Siaya Governor James Orengo has delivered a stinging rebuke to the Orange Democratic Movement (ODM) leadership, announcing that the Linda Mwananchi faction will completely boycott the party’s Special Delegates Convention scheduled for March 27 in Nairobi.
Labeling the gathering an “illegal National Delegates Conference (NDC),” Orengo declared the meeting procedurally invalid and unfit for attendance.
“We can’t be part of it because it is an illegal NDC. It has not been properly convened, so we will not be able to attend it,” he told NTV in a hard-hitting interview.
Orengo zeroed in on what he called a fatal flaw: the convention notice was issued by Deputy Secretary General Catherine Omanyo rather than the Secretary General, a step he insists is constitutionally mandatory.
“The special NDC has to be convened by the Chairperson of the party following a resolution of the National Executive Council, or a requisition by delegates,” he explained. “But having been summoned, the National Delegates Convention must be given notice by the Secretary General.
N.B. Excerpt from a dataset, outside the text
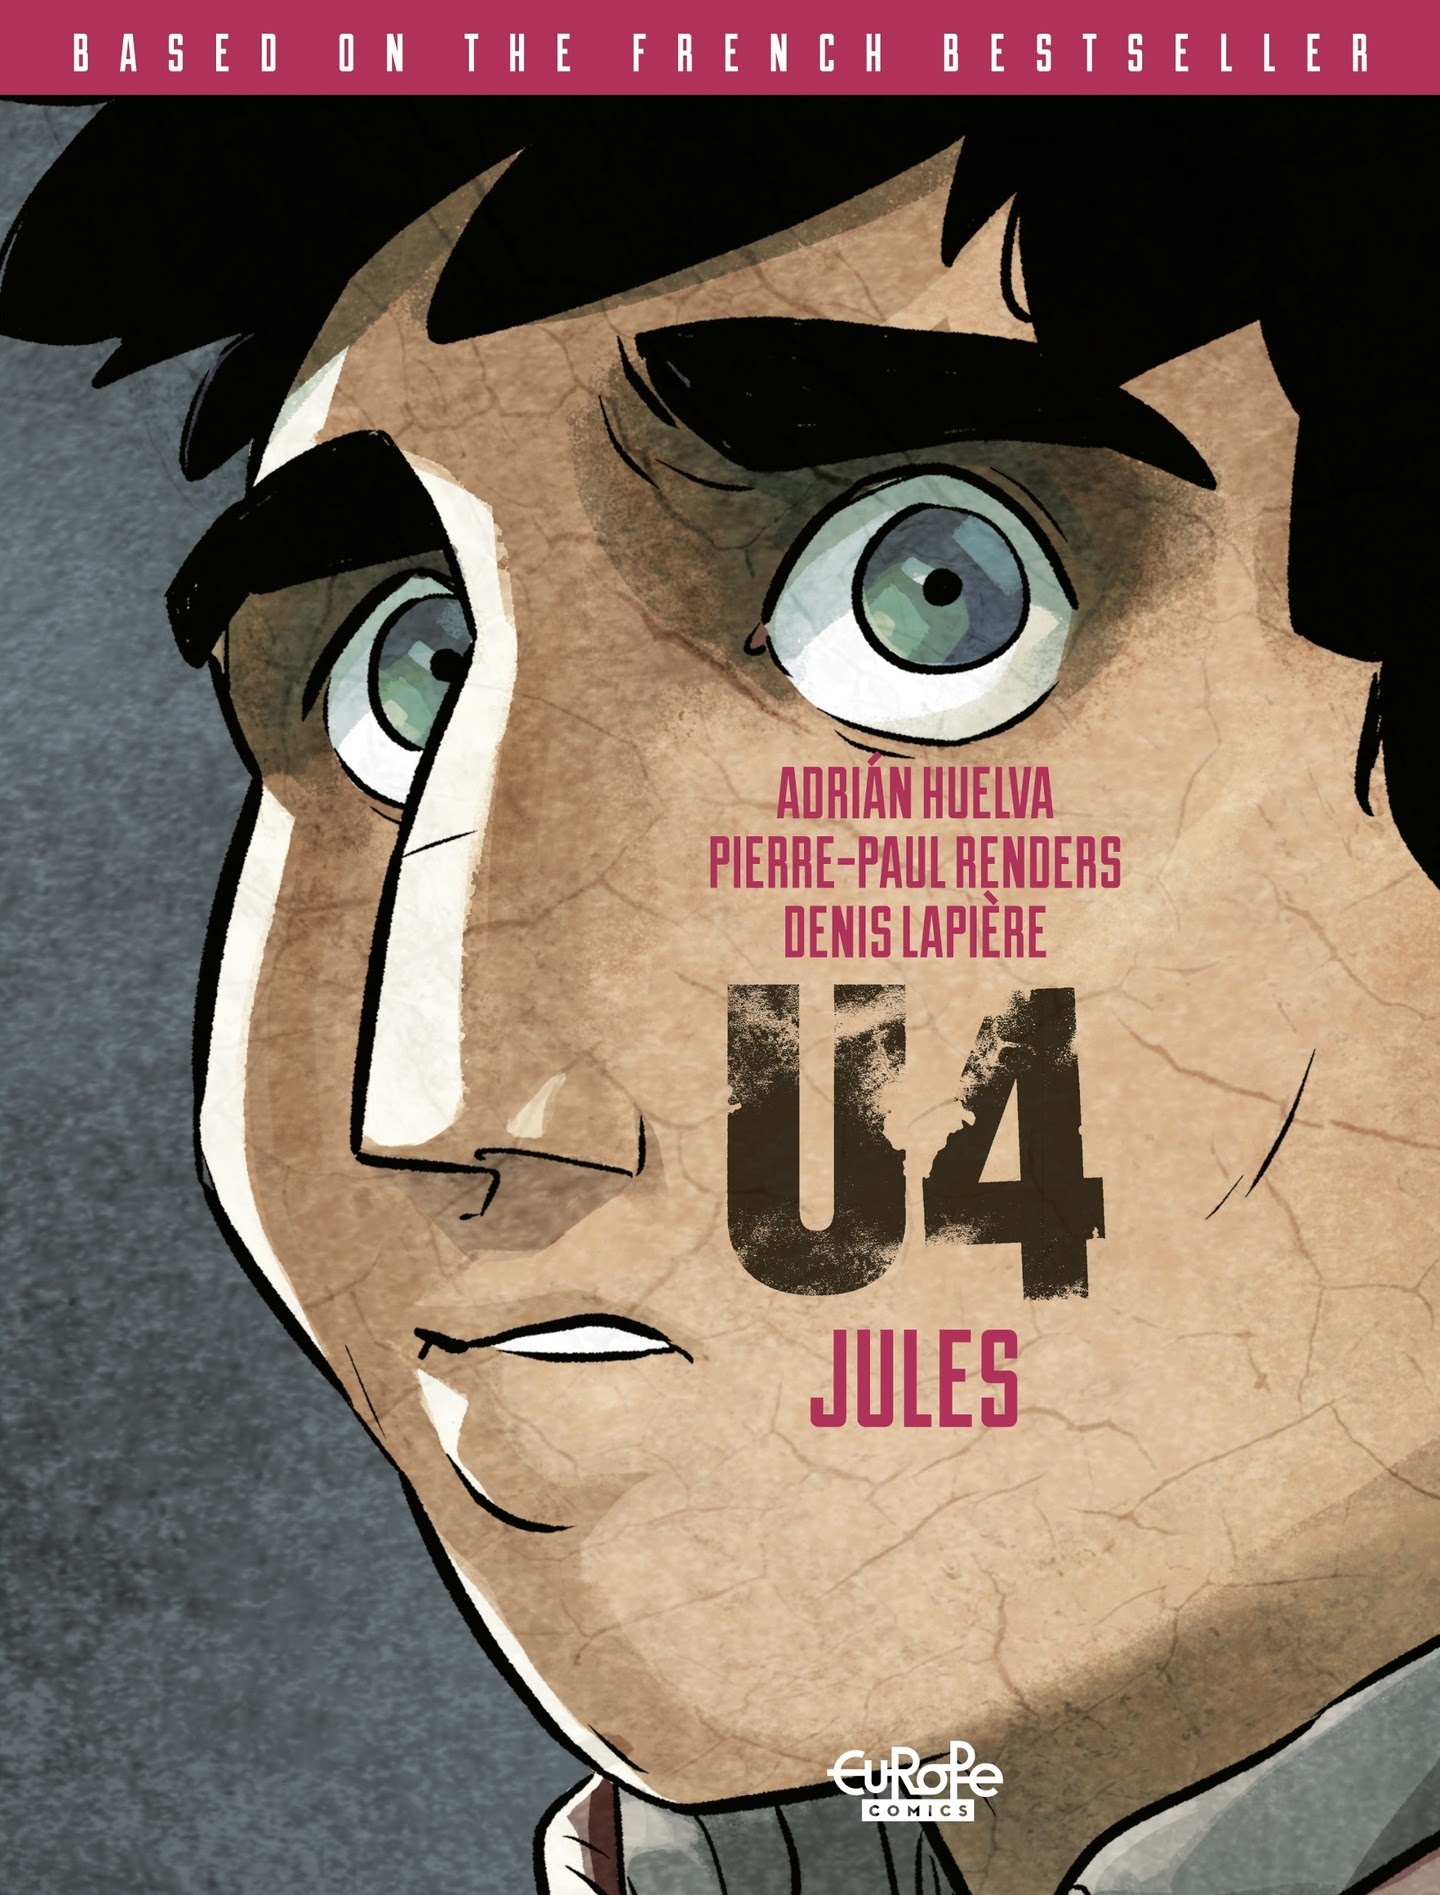 Read online U4: Jules comic -  Issue # TPB - 1

That is mandatory.”
He went further, accusing the rival camp of playing “games” with Omanyo’s role—presenting her sometimes as Deputy Secretary General and other times as Acting Secretary General—and using the event to illegally legitimize unelected officials.
“They want to illegally endorse certain officials who have never been elected by the National Delegates Convention,” Orengo charged. “They want, by acclamation, for those people to be pronounced as national officials.”
The boycott highlights the explosive divide tearing ODM apart. The Linda Ground faction, closely associated with party leader Dr. Oburu Oginga, is reportedly open to cooperating with President William Ruto’s United Democratic Alliance ahead of the 2027 General Election.
In sharp contrast, the Linda Mwananchi group—led by figures including Nairobi Senator Edwin Sifuna, Embakasi East MP Babu Owino, and Orengo himself—insists ODM must remain a fierce opposition force with no compromise or rapprochement with the ruling coalition.
Tensions boiled over after the controversial removal of Sifuna as Secretary General. Orengo revealed the decision has been challenged in court and legally stayed.
“As we speak, Edwin Sifuna is still the Secretary General of ODM,” he asserted.
Despite the bitter feud, Orengo firmly ruled out any plan to abandon ODM and form a new party.
“We are not going to register another party. We are members of ODM, we will remain members of ODM, we will fight from within the party,” he declared.
With the March 27 convention fast approaching, the standoff has placed ODM at a critical crossroads. The outcome could either fracture the party beyond repair or force a reckoning that redefines its direction and leadership heading into 2027.